On linux, you can look:
man shm_overview
for attaching a memory segment on several processes
and
man sem_overview
for the semaphore library for controlling parallel access.
You should define a struct with two fields, one for your global and one for a semaphore. Then, before any forking occurs, create some shared memory in the parent process big enough to hold this struct and initialize one there. In the children, map in the shared memory so they can access the global. All processes, parent and children, should obey the rules of the semaphore when accessing the global.
To avoid unnecessary blocking which can hurt performance, try not to hold the semaphore too long. When reading the global, make a quick copy of it in a process and use that, rather than holding the semaphore for the entire time you are using its value. Likewise, when changing the global, prepare your changes ahead of time (before you grab the semaphore) and, once you have the semaphore, copy them in all at once. Sometimes your work depends on reading and writing the global without it changing in between being read and written. In this case, some blocking may be inevitable.
It is not clear what platform you are on, but all major PC and server platforms (Windows, Linux/Unix/Mac OS) have support for shared memory and semaphores. The APIs may be different, but the functionality you need is there.
my question is somewhat conceptual, how is parent process' data shared with child process created by a fork() call or with a thread created by pthread_create()
for example, are global variables directly passed into child process and if so, does modification on that variable made by child process effect value of it in parent process?

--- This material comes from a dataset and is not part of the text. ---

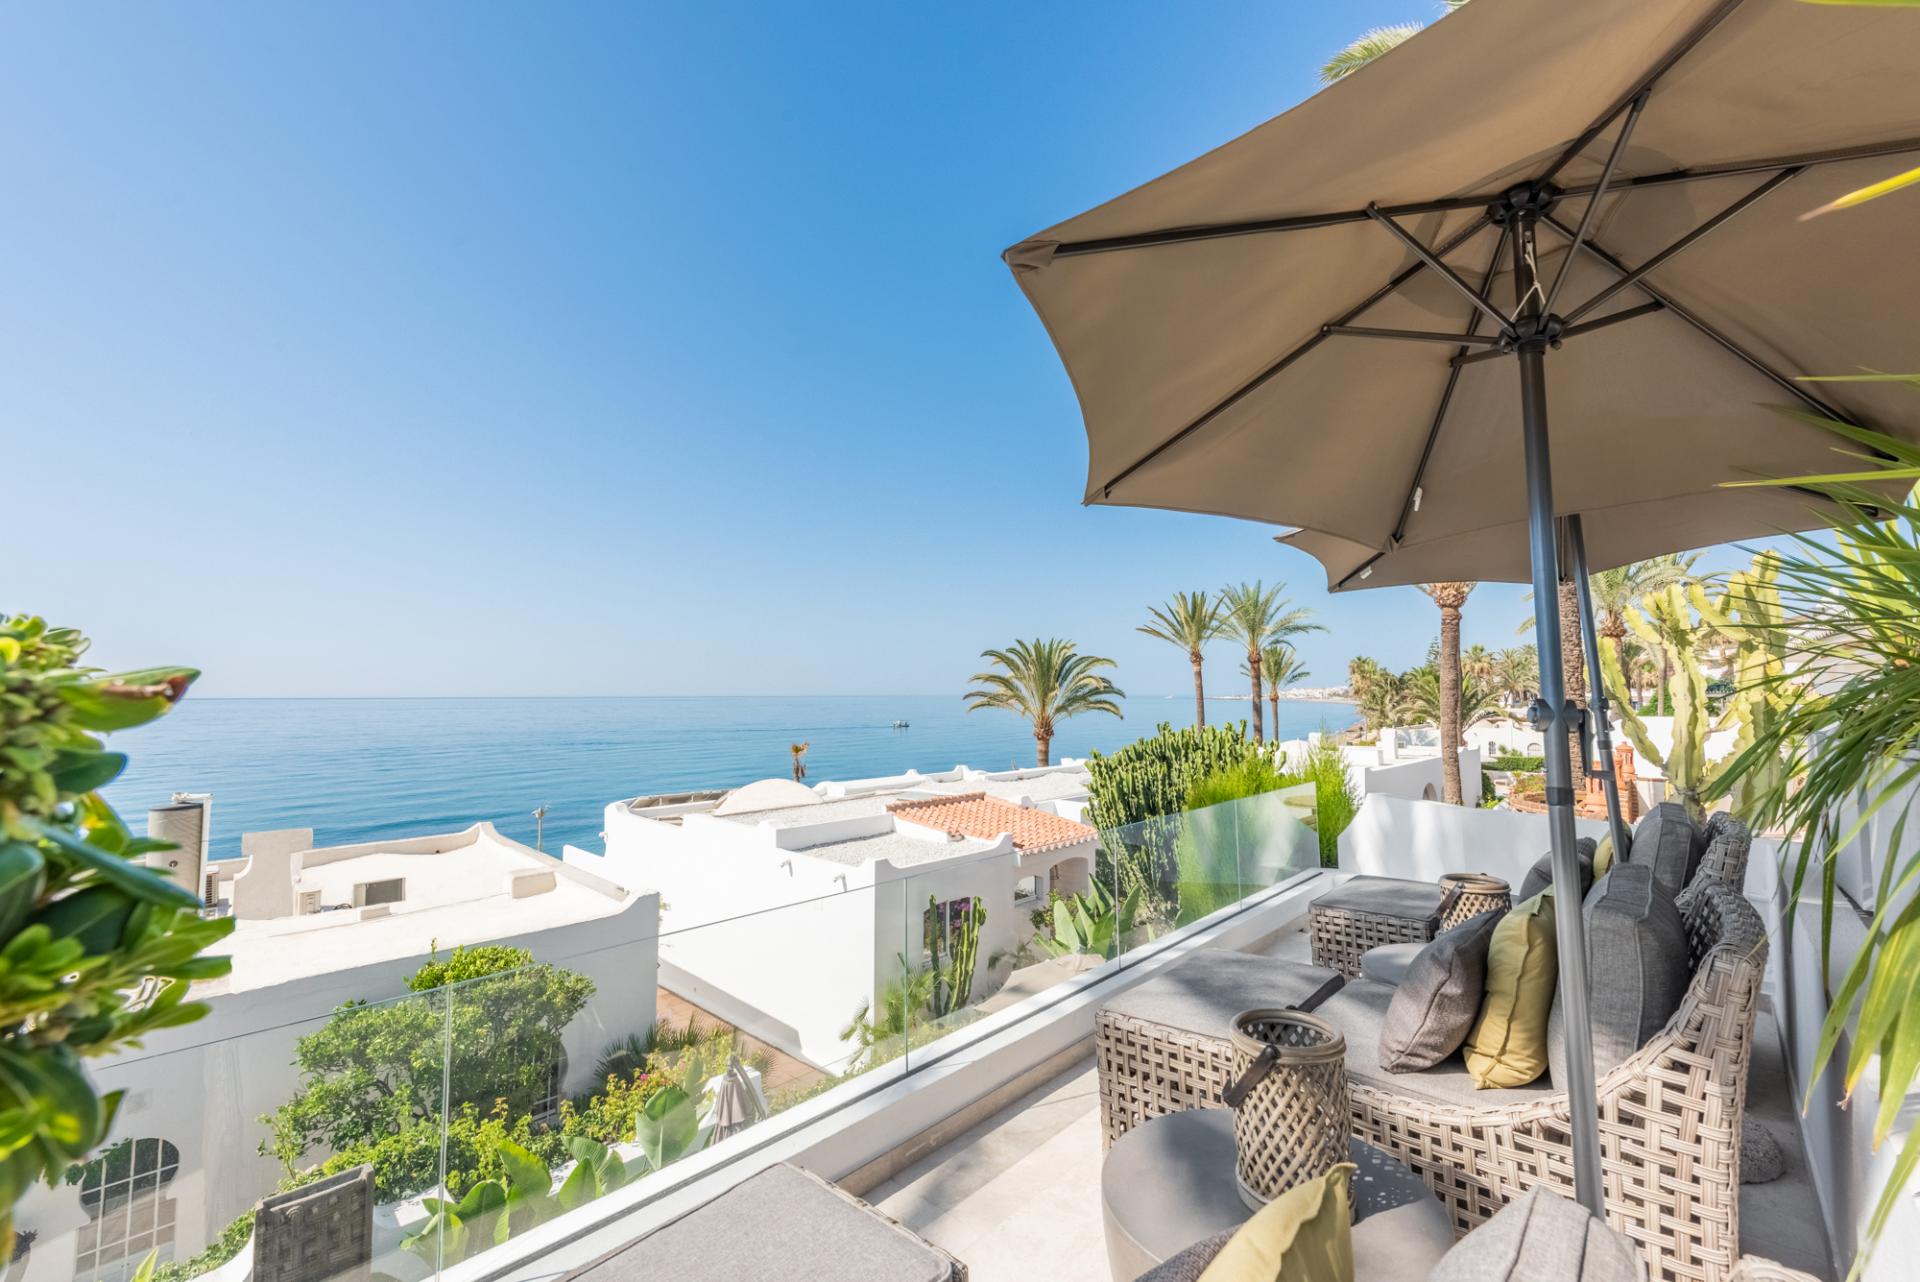 Scandi-style design bungalow in the beachfront Oasis Club on Marbella's Golden Mile.
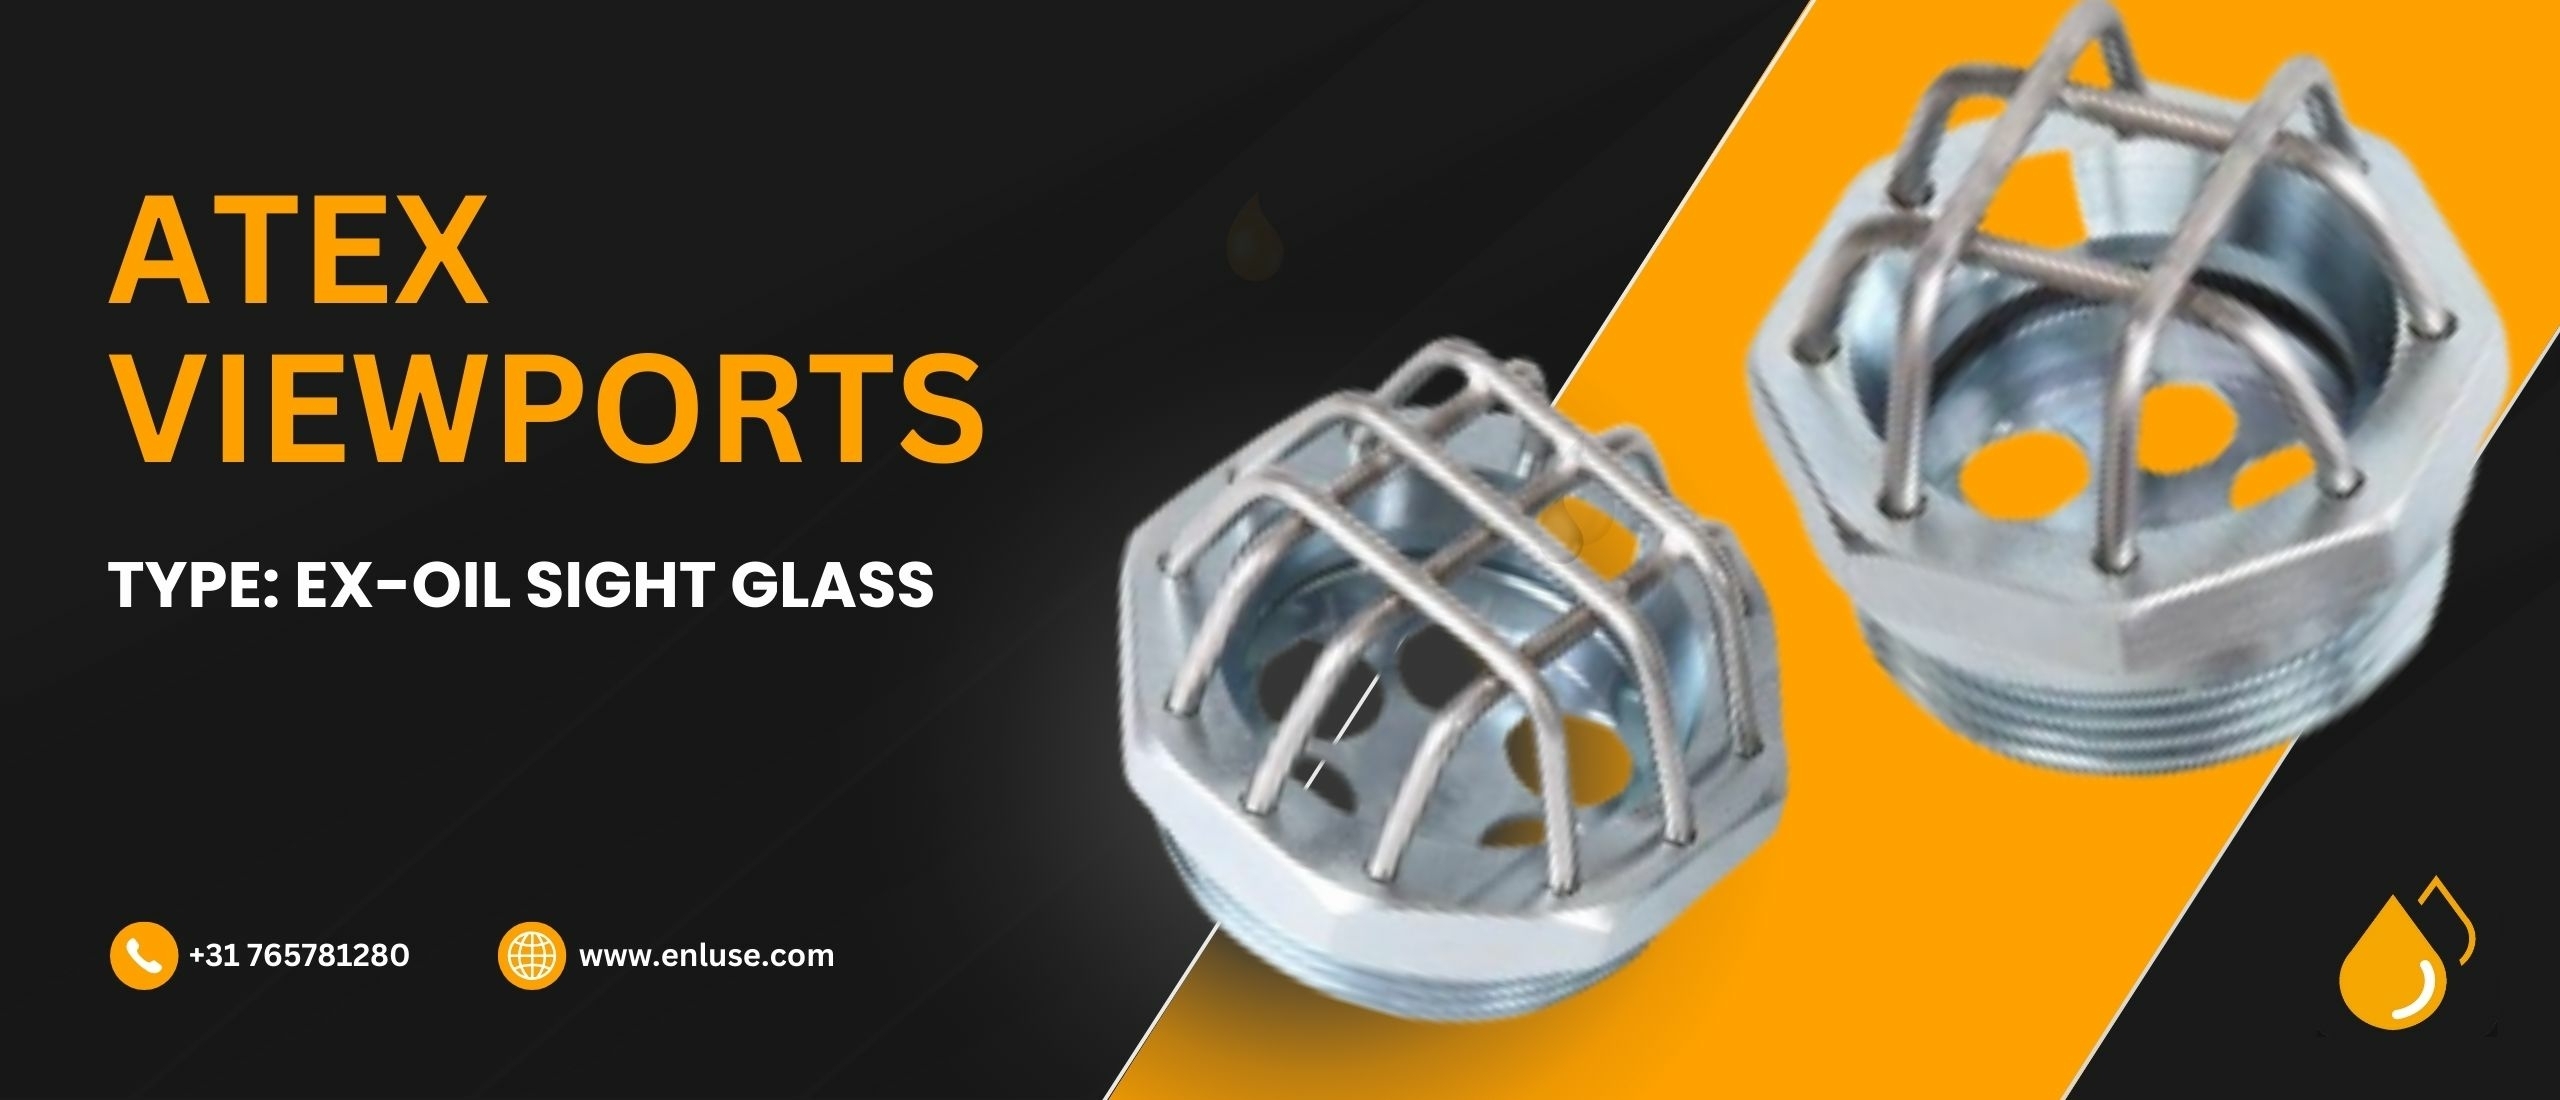 Safety Through Clarity: Unveiling ATEX Viewports Type Ex-Oil Sight Glass

i appreciate partial and complete answers in advance, if i'm missing any existing resource, i'm sorry, i've done some search on google but couldn't find good results
thanks again for your time and answers
The semantics of fork() and pthread_create() are a little different.
fork() will create a new process, where the global variables will be separate between the parent and children. Most OS implementations will use copy-on-write semantics, meaning that both the parent and child process will use the same physical memory pages for all global variables until one of the processes attempts to edit the physical memory, at which point a copy of that page is made, so that now each process gets its own copy and does not see the other process's, so that the processes are isolated.
pthread_create() on the other hand, creates a new thread within the same process. The new thread will have a separate stack space from the other running threads of the same process, however the global variables and heap space are shared between all threads of the same process. This is why you often need a mutex to coordinate access to a shared piece of memory between multiple threads of the same process.
TL;DR version: with fork(), you don't see the other guy's changes; with pthread_create() you do.
A fork creates an almost exact copy of the calling process, including memory and file descriptors. Global variables are copied along with everything else, but they are not in any way linked to the parent process. Since file descriptors are also copied, parent and child can interact via these (as long as they're setup properly, usually via pipe or socketpair).
There's a big difference between processes created by fork and between threads created with pthread_create. Processes don't share global variables and should communicate through pipes, sockets, or other tools provided by the OS. A good solution is MPI - which is a message-passing library for inter-process communication.
Threads are quite different. A thread created with pthread_create shares all the global variables with its caller. Moreover, the caller can pass an arbitrary structure into the thread, and this structure will also be shared. This means that one should be extremely careful when programming with threads - such amounts of sharing are dangerous and error prone. The pthread API provides mutexes and conditions for robust synchronization between threads (although it still requires practice and expertise to implement correctly).